Emirates’ own job postings put entry-level First Officer take-home cash at roughly AED 382,080 (about C$146,000) and Direct Entry Captain cash at roughly AED 575,000 (about C$220,000), before adding housing worth AED 225,000–290,000 a year. On cash pay alone, Air Canada’s scale runs comparable to or above Emirates’; once Emirates’ tax-free status and non-cash package are factored in, the real-terms comparison narrows considerably, and Emirates likely pulls ahead on total take-home value for equivalent seniority.

Bottom Line
In 2026, Air Canada continues to offer one of the strongest pilot compensation packages in Canada, especially following the October 2024 ALPA contract’s 42 percent increase over four years. First Officers generally earn somewhere in the C$85,000–C$248,000 range, while Captains span roughly C$190,000–C$382,000 depending on seniority, aircraft type, and how much of profit-sharing and per diems a given estimate includes.
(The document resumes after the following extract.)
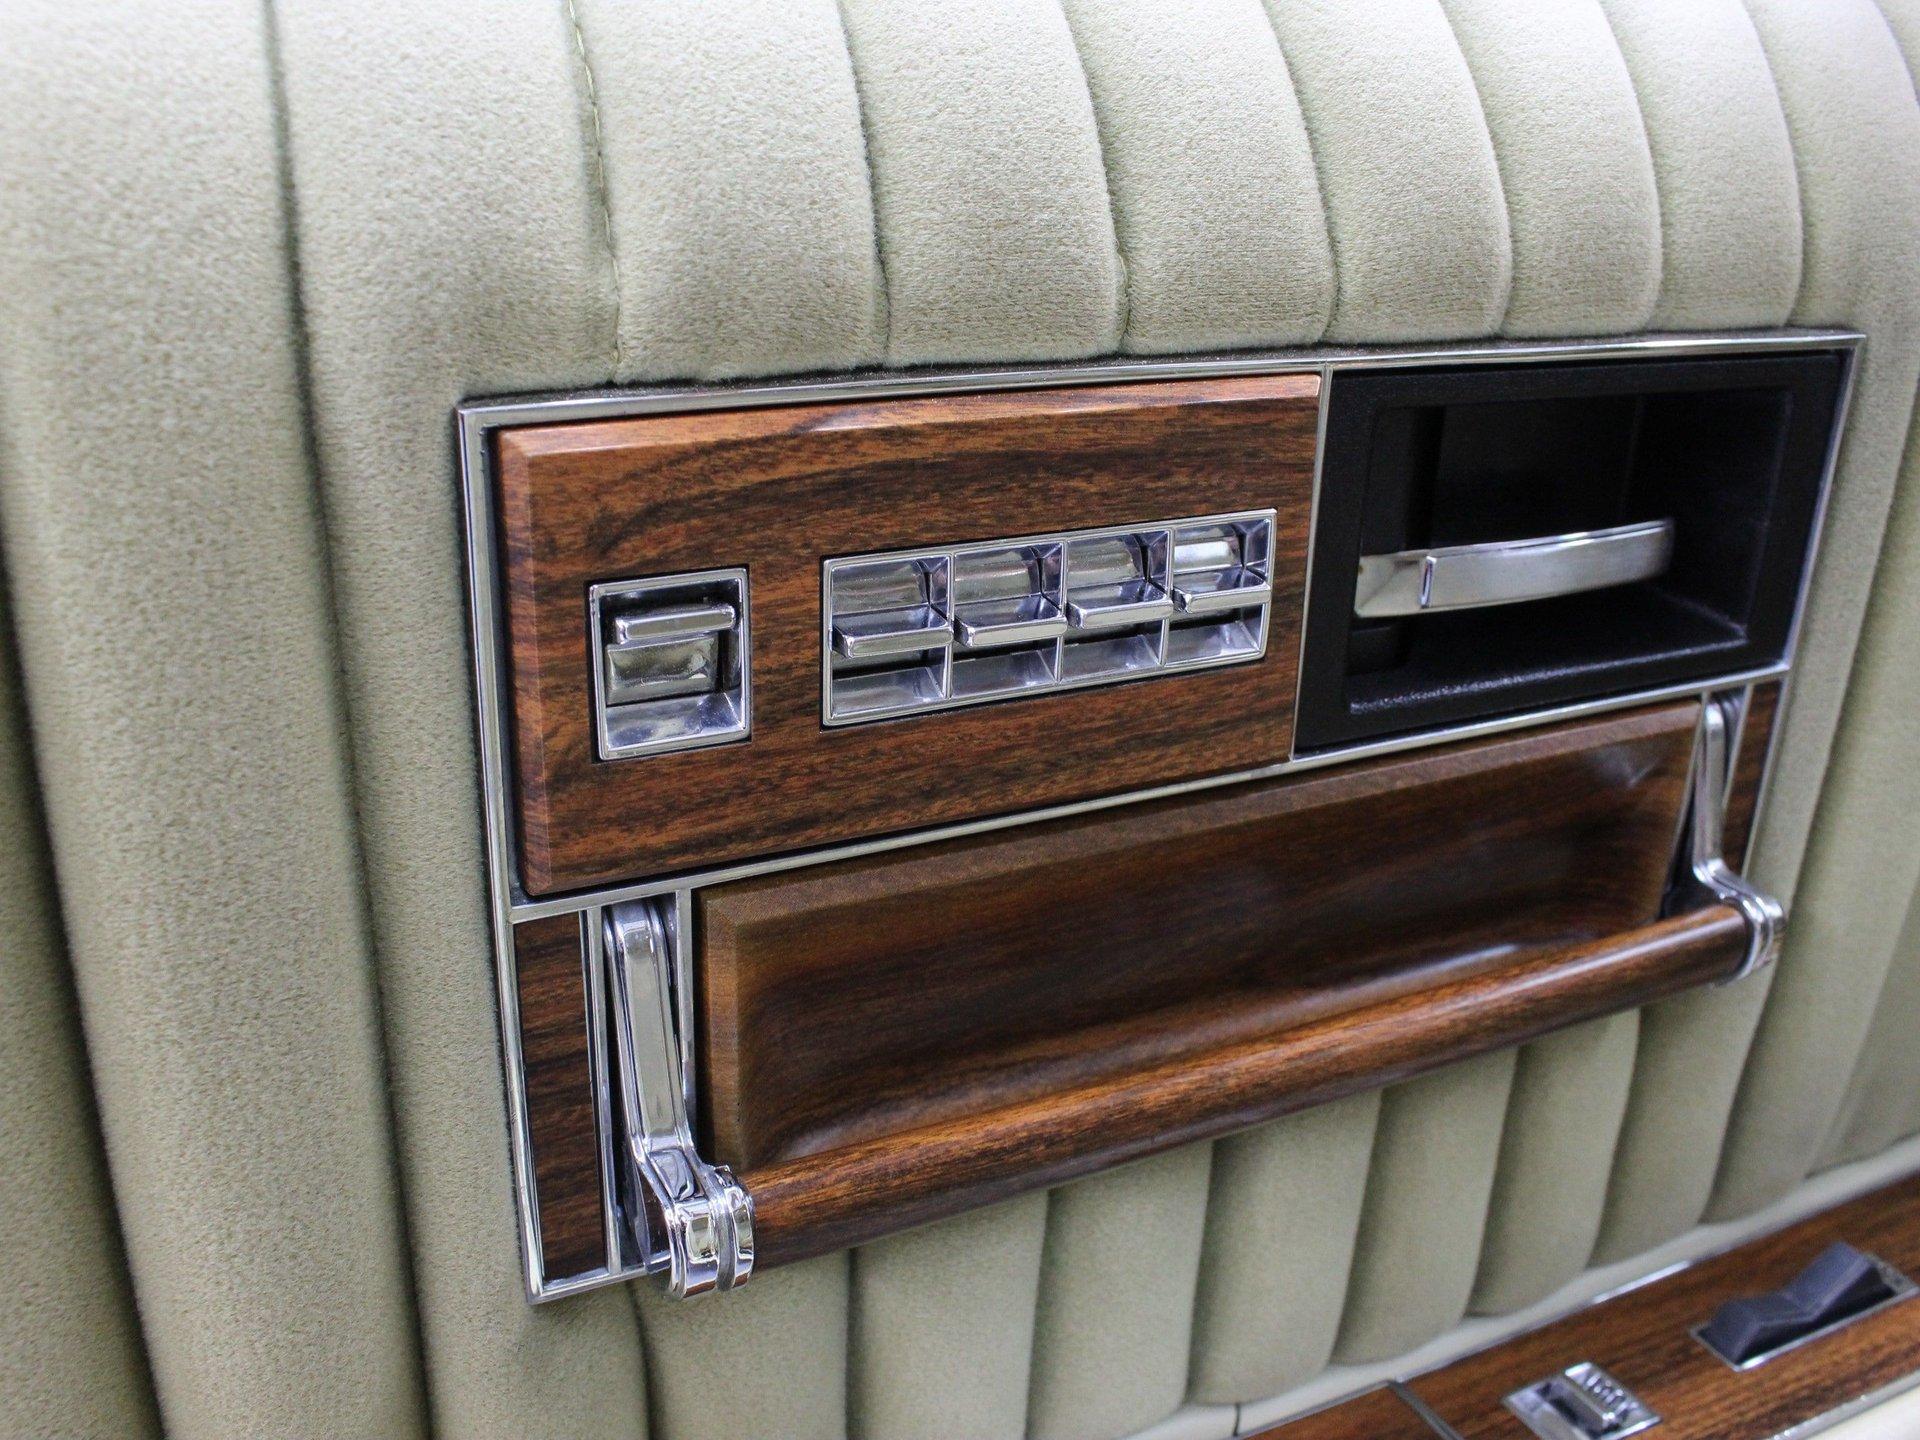 1976 Cadillac Seville

With a modernizing fleet, a defined-contribution or defined-benefit pension depending on hire date, a global route network, and a newly strengthened union contract, Air Canada remains one of North America’s most desirable airlines for professional pilots — even if the exact pay tables themselves are not public.

FAQs
How much do Air Canada pilots earn per year?
Air Canada pilots typically earn between roughly C$85,000 and C$382,000 per year, depending on rank, fleet assignment, and seniority, with top hourly rates on the Boeing 777 pushing senior Captain pay toward the higher end.
Where are Air Canada pilots based?
Most Air Canada pilots are based in Toronto, Montreal, and Vancouver.
What aircraft do Air Canada pilots fly?
Air Canada pilots operate the Airbus A220, A320 family, A321XLR, and A330, alongside the Boeing 737 MAX, 777, and 787, on domestic and international routes.
Which union represents Air Canada pilots?
The Air Line Pilots Association (ALPA), since Air Canada Pilots Association members voted in May 2023 to merge into ALPA. The two unions’ October 2024 collective agreement delivered a reported 42 percent pay increase over four years.